55995,1,0,46,0,0.000000,0,0,0.000000,0.000000,0,...,2,2,2,2,0,0,0,2,2,1
55996,2,0,92,0,0.016668,0,0,6.133765,0.000000,0,...,2,2,2,2,0,0,0,2,2,1
55997,2,0,92,0,0.016668,0,0,6.133765,0.000000,0,...,2,2,2,2,0,0,0,2,2,1
55998,2,0,92,0,0.016668,0,0,6.133765,0.000000,0,...,2,2,2,2,0,0,0,2,2,1


In [3]:
# Create 15 datasets, where the ith dataset consists of:
# - all normal data
# - only the ith malicious datapoint

# CODE HERE

datasets = []

for i in range(mal_df.shape[0]):
    dataset = pd.concat([norm_df, mal_df.iloc[i:i+1, :]], ignore_index=True)
    datasets.append(dataset)


## Anomaly detection

In [4]:
# For each dataset, run isolation forests
#
# Use the following evaluation metric:
# - rank the anomalousness of each datapoint using the isolation forest
# - record the list index of each attack datapoint when sorting from most to least unusual
#     - e.g., if the attack datapoint is at index 0 in the list, we want to record the value 0
#
# Note: don't worry about ties in ranking
# Hint: What is the difference between isolation forest's 'decision_function' and 'predict' methods? 

# CODE HERE

from sklearn.ensemble import IsolationForest

for dataset in datasets:
    model = IsolationForest(random_state=0, behaviour='new', contamination=0.1).fit(dataset)
    anomaly_scores = model.decision_function(dataset)
    idx_score_list = sorted(enumerate(anomaly_scores), key=lambda x: x[1])
    ranks = [i[0] for i in idx_score_list]
    print(ranks.index(len(dataset) - 1))


71
23379
753
470
5
29018
20343
28675
235
23613
71
7
7
453
80


## Questions:
1) Why is there no separate training and test set?

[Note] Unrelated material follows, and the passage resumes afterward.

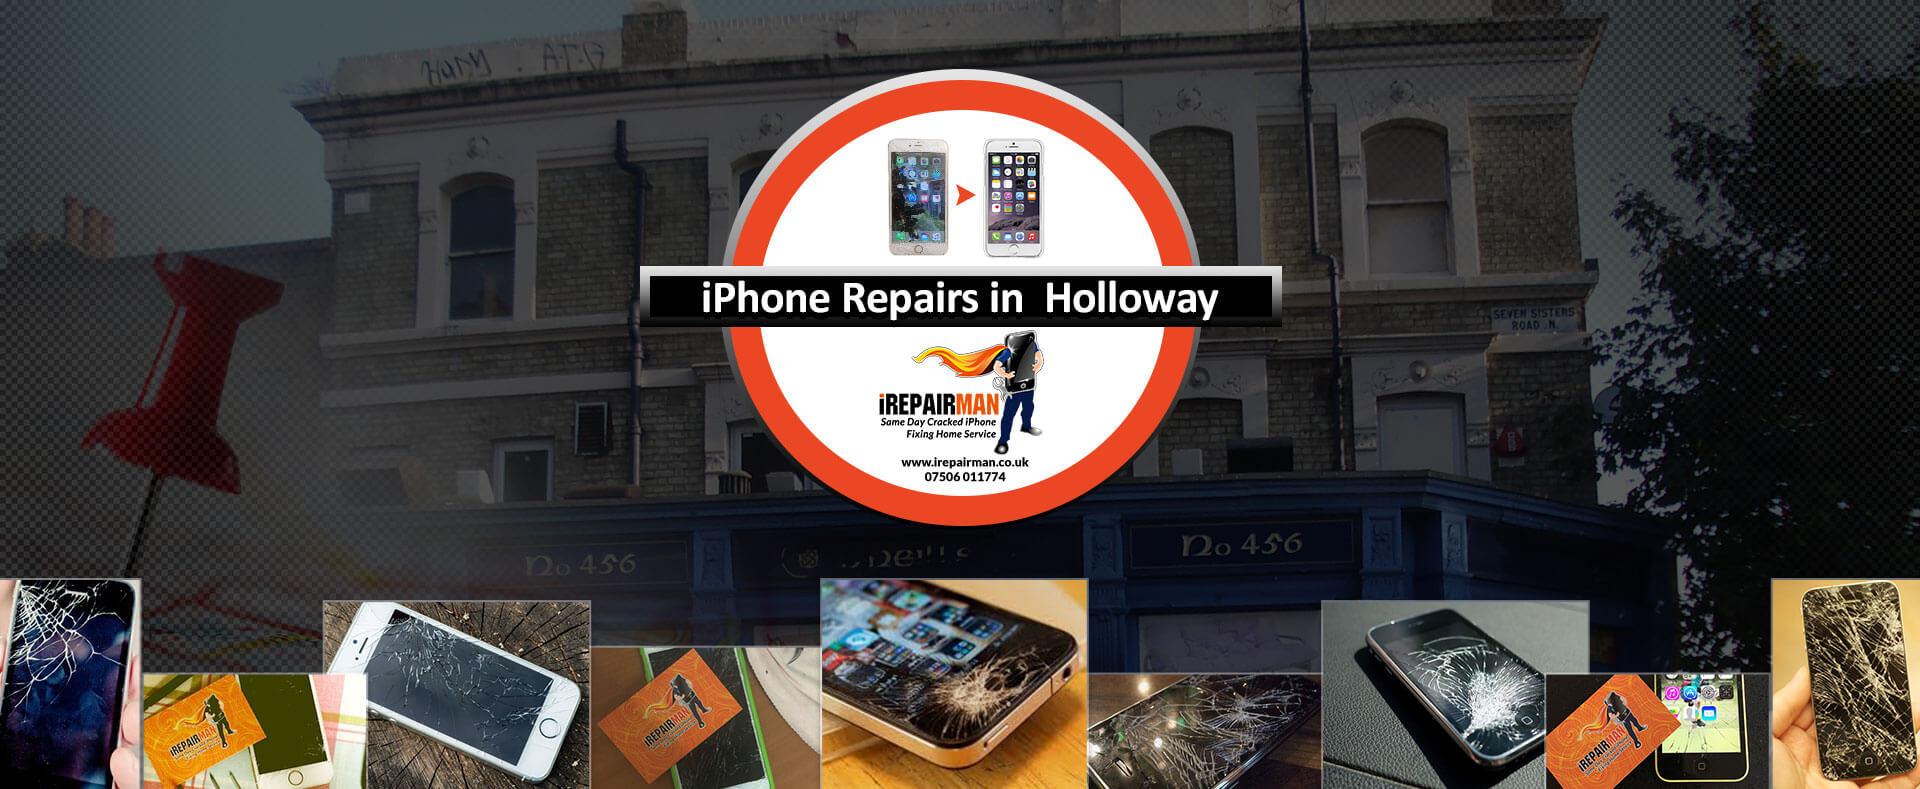 iPhone Repairs in Holloway

In unsupervised machine learning, the data isn't labeled, so there's really no point in "training" and "testing." Instead, we do some sort of clustering to detect anomalies (outliers).

2) What is the metric measuring?  What would be a perfect score?  Bonus: What is the expected performance of an outlier detector that assigns a random score to each datapoint?

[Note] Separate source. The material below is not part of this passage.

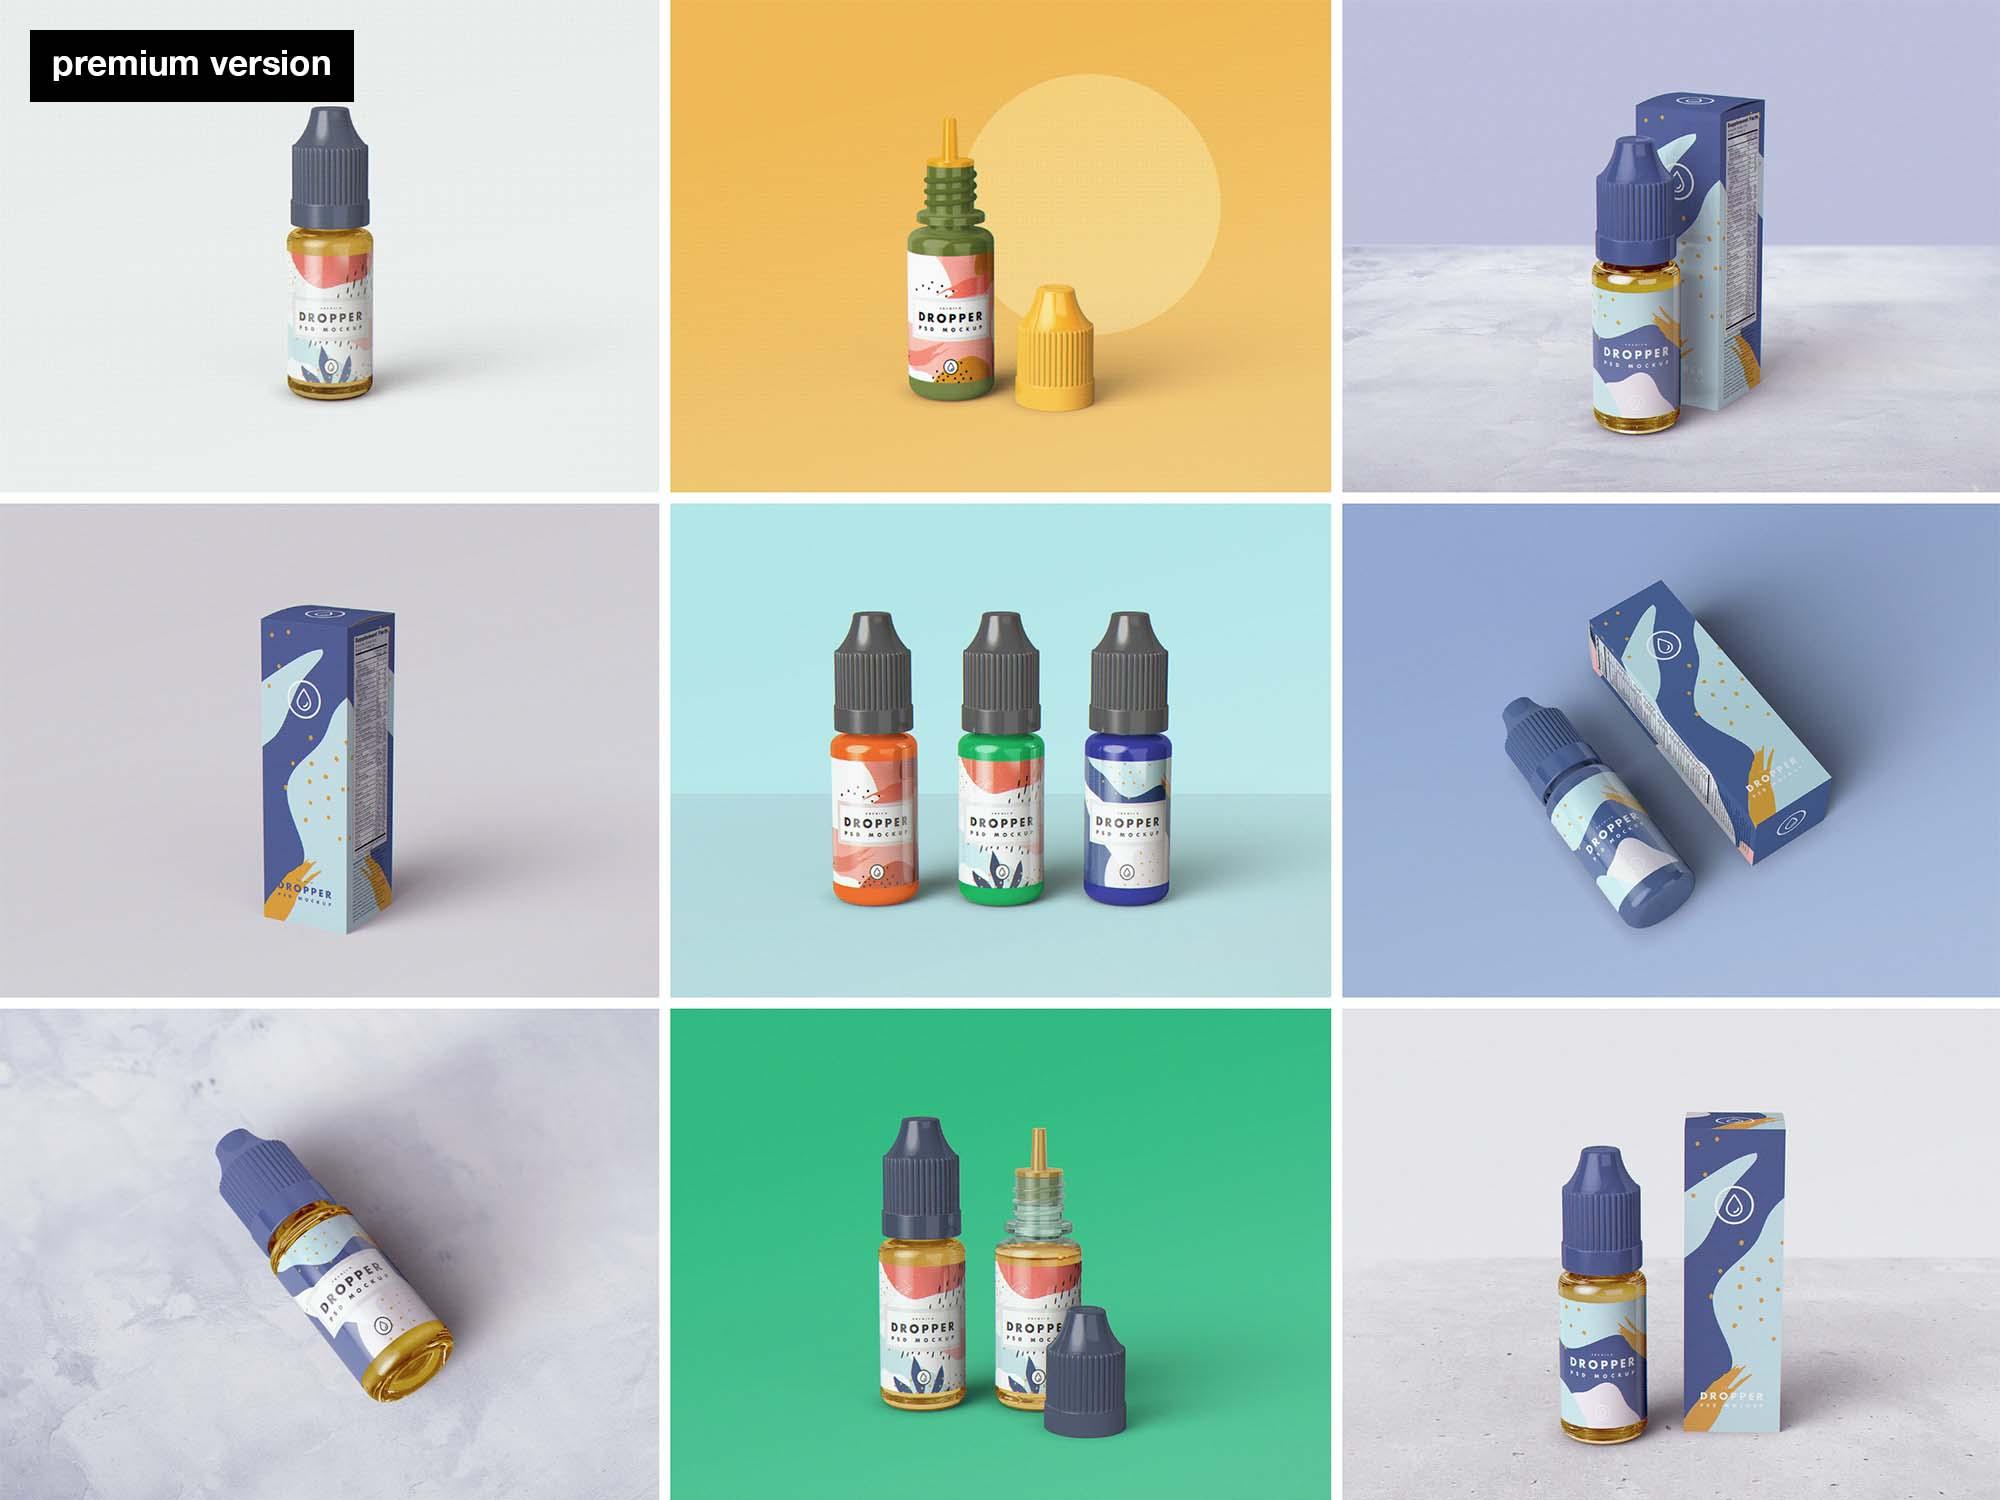 E-Juice Dropper Bottle Mockup - Premium Version

The anomaly score helps determine how normal or abnormal a datapoint is. The more negative, the more abnormal (outliers), the more positive, the more normal (inliers). A perfect score is the most anomalous datapoint (most negative at index 0).

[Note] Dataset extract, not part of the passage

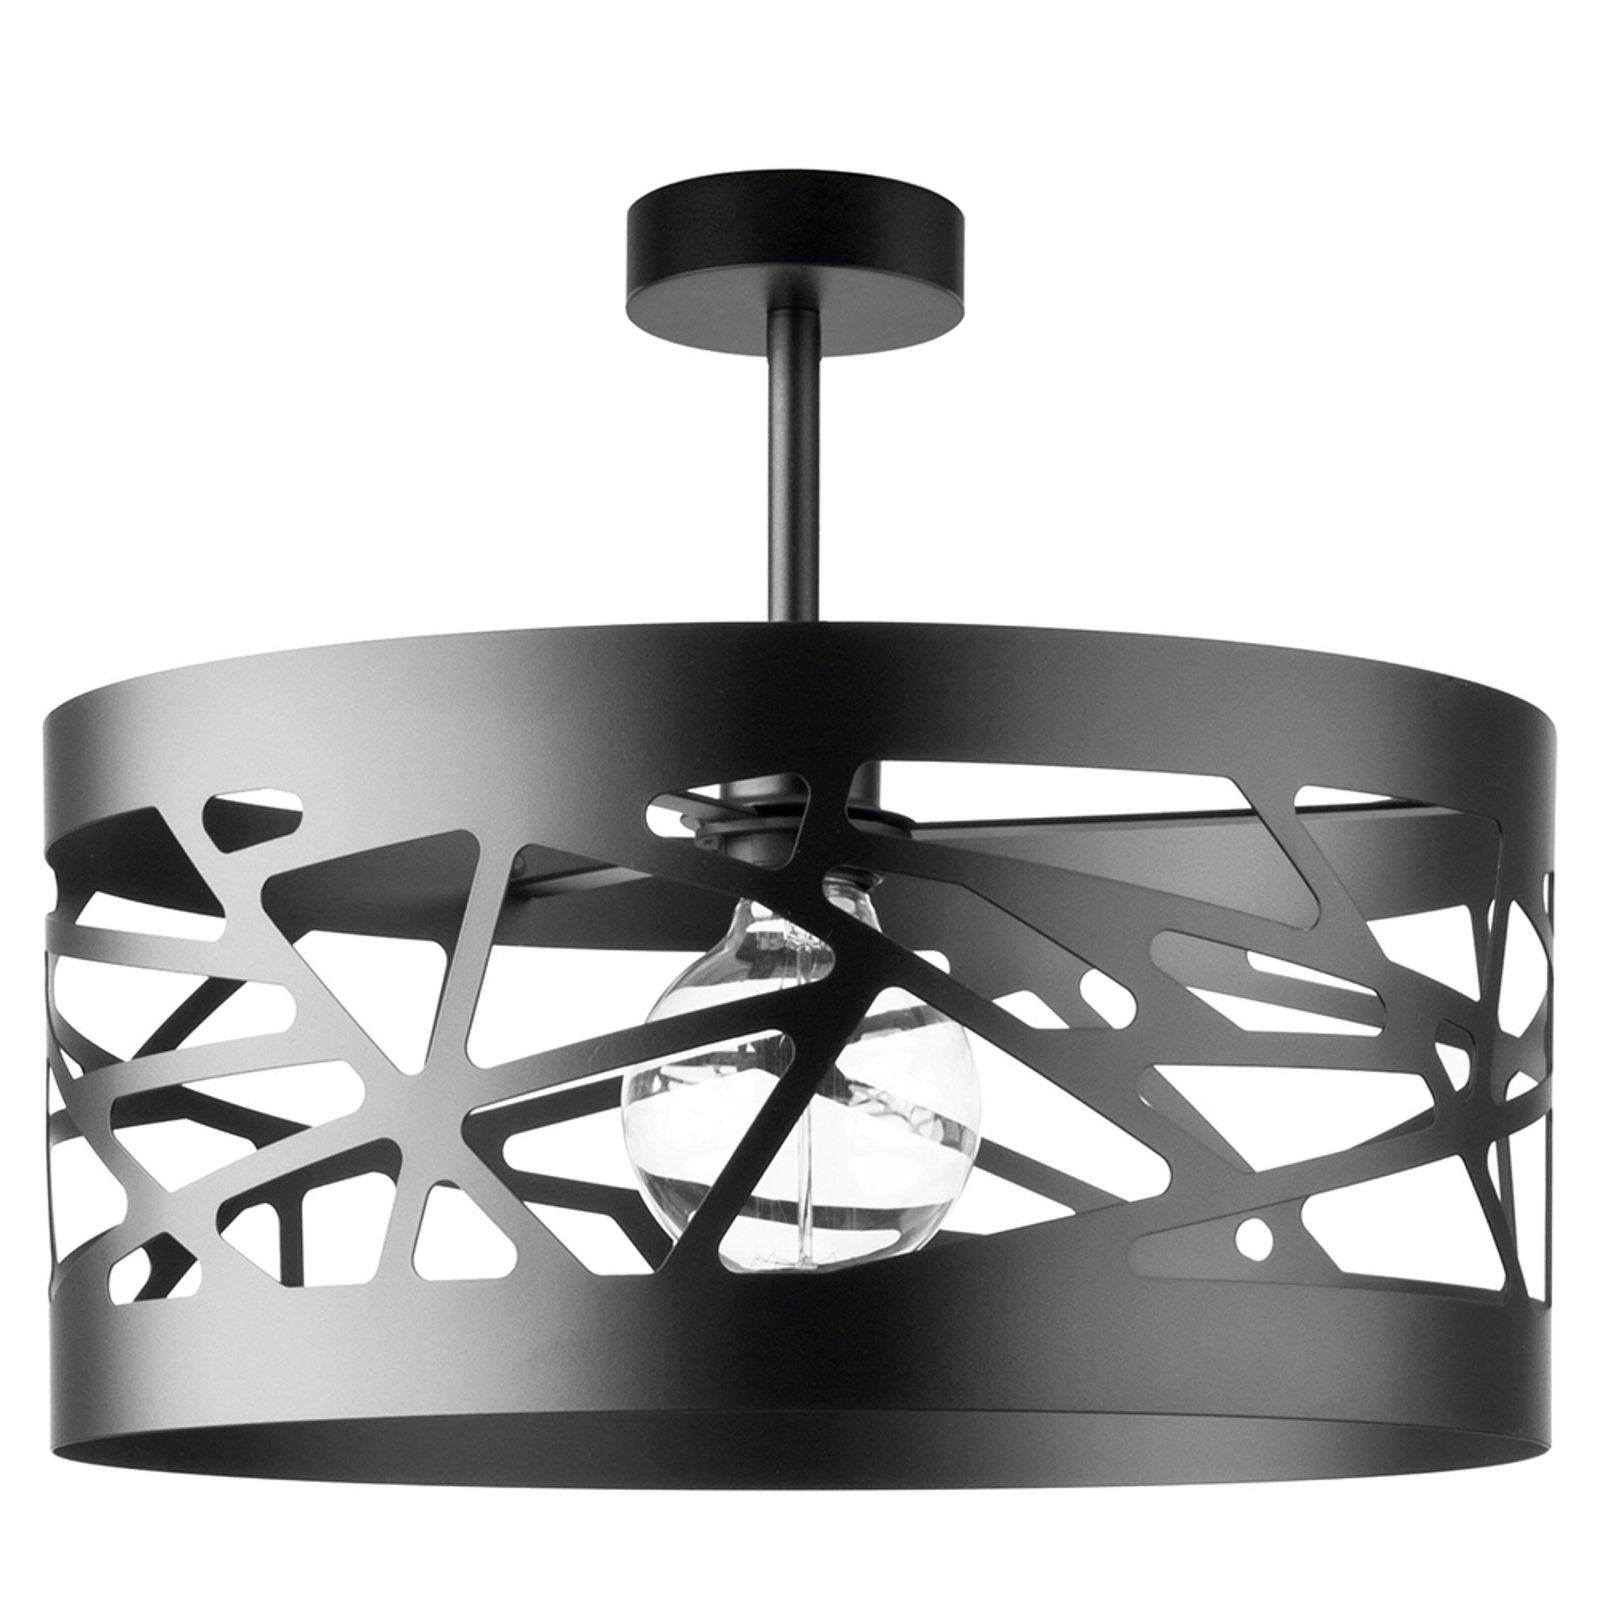 Taklampe Modul Frez mønsterskjerm Ø39cm svart

3) How well does the isolation forest perform compared to a perfect score? Bonus: How well does the isolation forest perform compared to a random detector?

The isolation forest doesn't seem to perform that well. A lot of the attack datapoints aren't close to the perfect score. Only a few are within top 10 most anomalous, but some are ranked in the thousands.

4) What are some issues that would prevent this model from being practically deployed?

This model could have a high false positive rate which is a common issue with unsupervised machine learning. It could be costly to analyze each anomaly if a high percentage of these anomalies are false positives.

5) What might happen if we inject five attack datapoints at a time?  What might happen if we inject 100 attack datapoints at a time?

Adding more attack datapoints may cause them to have a more positive anomaly score, which means it is more "normal" because there are more datapoints that are similar to the attack datapoint, which makes it harder to detect the anomaly.

6) What is the effect of the parameters max_features and max_samples?  What other parameters could you adjust to change performance?

Setting max_features to a smaller number makes the model perform worse as the attack datapoint is even further away from the perfect score.
Setting max_samples to a larger number or to the number of datapoints seems to make the model perform better.
Other parameters include: n_estimators, contamination

Optional: What are some alternative anomaly detection models one could use instead of an isolation forest? Bonus: Try one of these alternatives and compare performance.